Дискуссия о том, как интерпретировать последствия теории инклюзивной приспособленности для человеческого социального сотрудничества, параллельна некоторым ключевым недоразумениям, описанным выше. Первоначально эволюционные биологи, интересующиеся людьми, ошибочно предполагали, что в случае человека «родственный отбор требует родственной дискриминации», вместе со своими коллегами, изучающими другие виды (см. West et al., выше). Другими словами, многие биологи предполагали, что прочные социальные связи, сопровождаемые альтруизмом и сотрудничеством в человеческих обществах (давно изучаемые антропологической областью родства), обязательно строятся на признании генетического родства (или «кровных связей»). Это, казалось, хорошо соответствовало историческим исследованиям в антропологии, зародившимся в девятнадцатом веке (см. историю родства ), которые часто предполагали, что человеческое родство строится на признании общих кровных связей.

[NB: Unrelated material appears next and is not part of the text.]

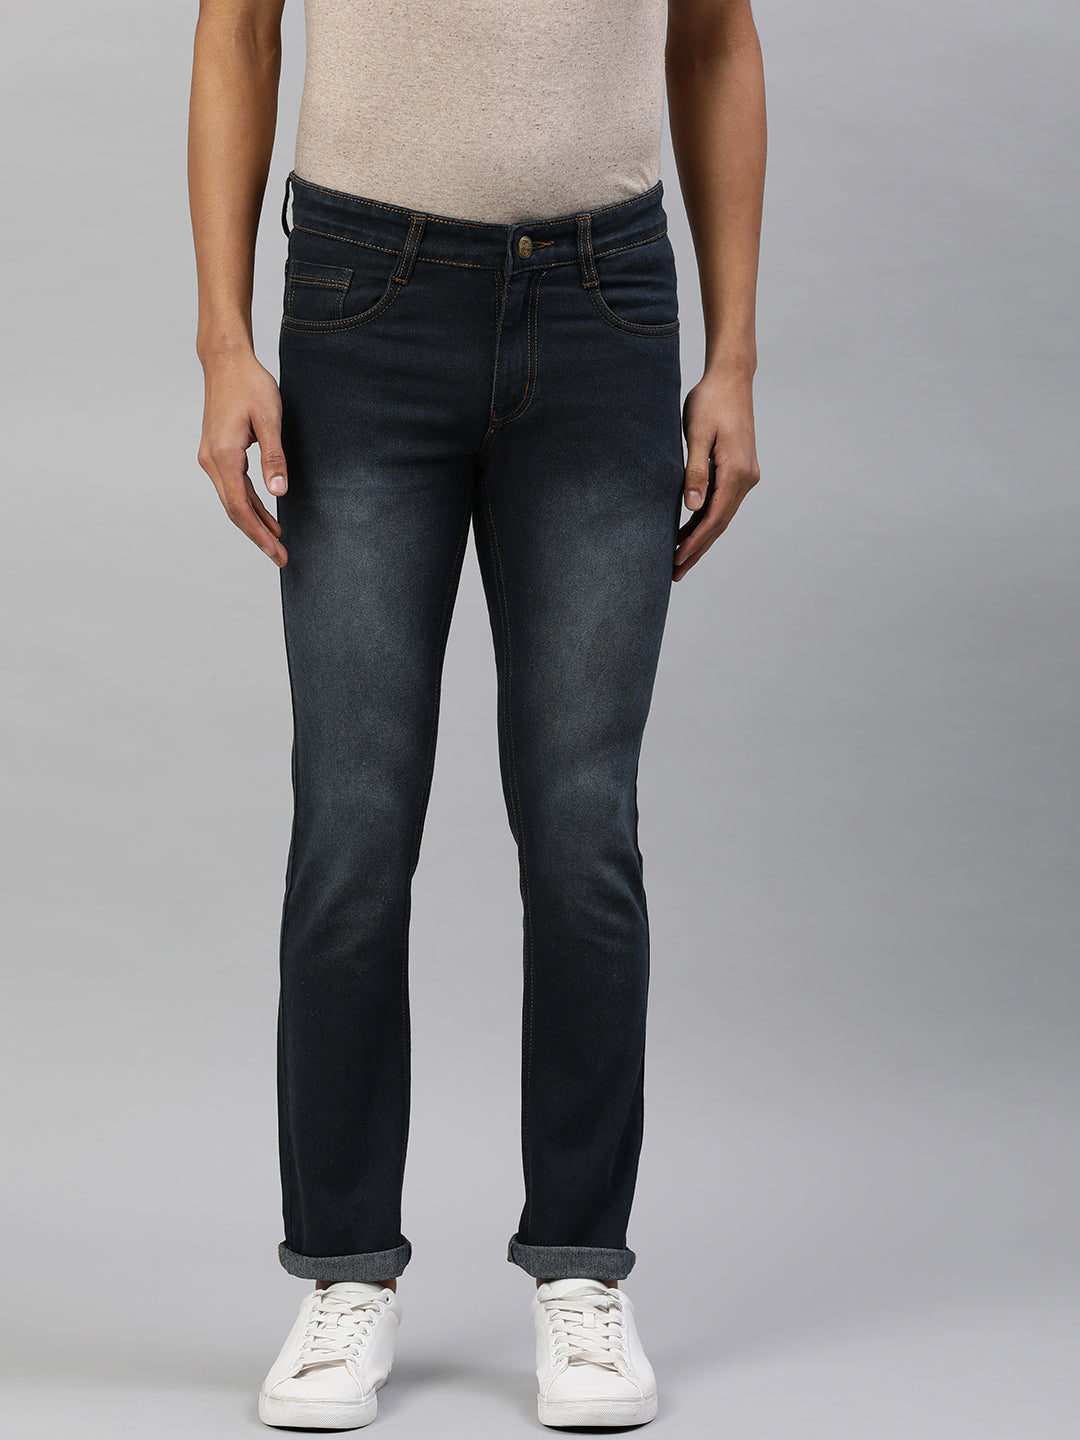 Men's Dark Grey Slim Fit Washed Jeans Stretchable

Однако, независимо от появления теории инклюзивной приспособленности, с 1960-х годов многие антропологи сами пересмотрели баланс результатов в своих собственных этнографических данных и начали отвергать представление о том, что человеческое родство «вызвано» кровными узами (см. Родство ). Антропологи собрали очень обширные этнографические данные о социальных моделях и поведении людей за столетие или более из широкого спектра различных культурных групп. Данные показывают, что многие культуры не считают «кровные узы» (в генеалогическом смысле) основой своих тесных социальных отношений и родственных связей. Вместо этого социальные связи часто считаются основанными на общих обстоятельствах, основанных на местоположении, включая совместное проживание (совместное проживание), сон рядом друг с другом, совместную работу, совместное питание (сожительство) и другие формы совместной жизни вместе. Сравнительные антропологи показали [6] , что эти аспекты общих обстоятельств являются важным компонентом того, что влияет на родство в большинстве человеческих культур, независимо от того, обязательно ли присутствуют «кровные узы» (см. Воспитательное родство ниже).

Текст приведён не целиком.